The spectrum of the figure above is limited spectrally by the response of the CCD. On left the spectrum begins in blue from approximately 3900 A. On right-hand side, the spectrum disappears in the infra-red around 1 micron wavelength (in the figure the spectrum is voluntarily stopped in the neighbourhood of 8000 A because of the problem of recovery of order). Between these two end points the curve varies in a complex manner, and many variations of intensity in the spectrum must originate with the CCD itself. A significant part of processing of spectra consists in eliminating this contribution of the detector, but also that of the transmission of optics or that of the output of the grating which also varies with wavelength.
The image below shows the area of planetary nebula NGC 2392 (the Clown nebula) obtained with a Jeulin grating with 100 lines/mm placed 21 mm in front of the significant surface of KAF-0400 CCD of the Audine camera. The telescope is a flat-field camera of 190 mm to F/d=4. The final image is a composite of 10 2-minute exposures.

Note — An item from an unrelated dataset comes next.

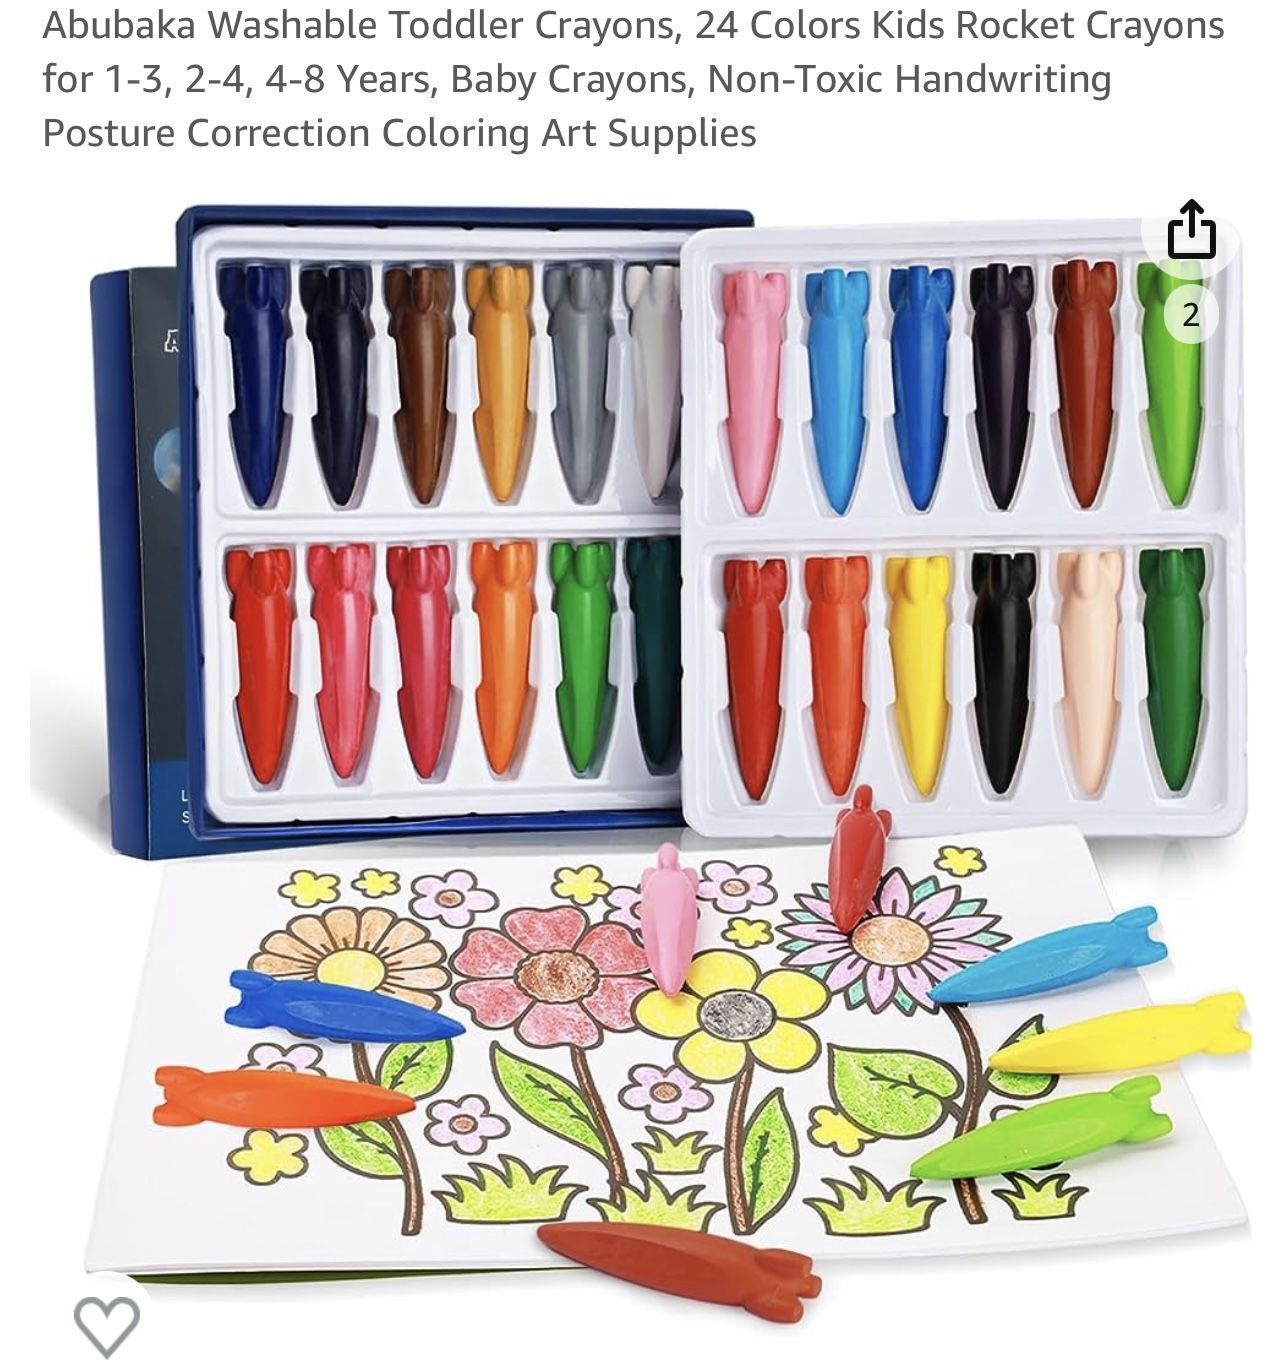 Abubaka Washable Toddler Crayons, 24 Colors Kids Rocket Crayons for 1-3, 2-4, 4-8 Years, Baby Crayons, Non-Toxic Handwriting Posture Correction Colori

The spectrum of double system NGC 3690 (ARP 299) carried out with the same instrumental configuration as for the preceding image. It is a composite of 37 images exposed 120 seconds, that is to say a cumulative time of integration of 1 hour and 10 minutes. The spectrum of the core of these active galaxies clearly shows an emission line (note that at the time of the exposure, 28/01/1999, a supernova of magnitude 16.5 was just on the right principal core of NGC 3690, but it was inaccessible to this spectrograph since it was too weak). The wavelength measured for the emission line is 0.6740 micron. If it is the H alpha band presenting a P-Cygni profile and normally at 0.6563 micron, but shifted towards the red because the speed of recession, then measured radial speed is of 8000 km/s whereas the galaxy is announced to have a radial speed of 3000 km/s. The variation can be explained by an erroneous identification of the band or a strong deformation of the band because of high speeds of expansion in the core. On this document it is possible to exploit star spectra up to magnitude 14.8. If the object presents emission lines, it is probably possible to go down low in magnitude. It should be stressed that in the assembly used, the spectrum appears in superposition with the background of sky. Working with a quite dark sky, it is possible to reduce the proportion of noise added by the level of the background of sky (all the observations of this page were carried out in urban environment). The estimated gain is 0.5 magnitude. By using under these conditions a telescope of 300 mm, one calculates that it is possible to acquire measurable spectra at least up to magnitude 16.5. It is seen that the objective of observation of supernovas or quasars with this simple device is not utopian.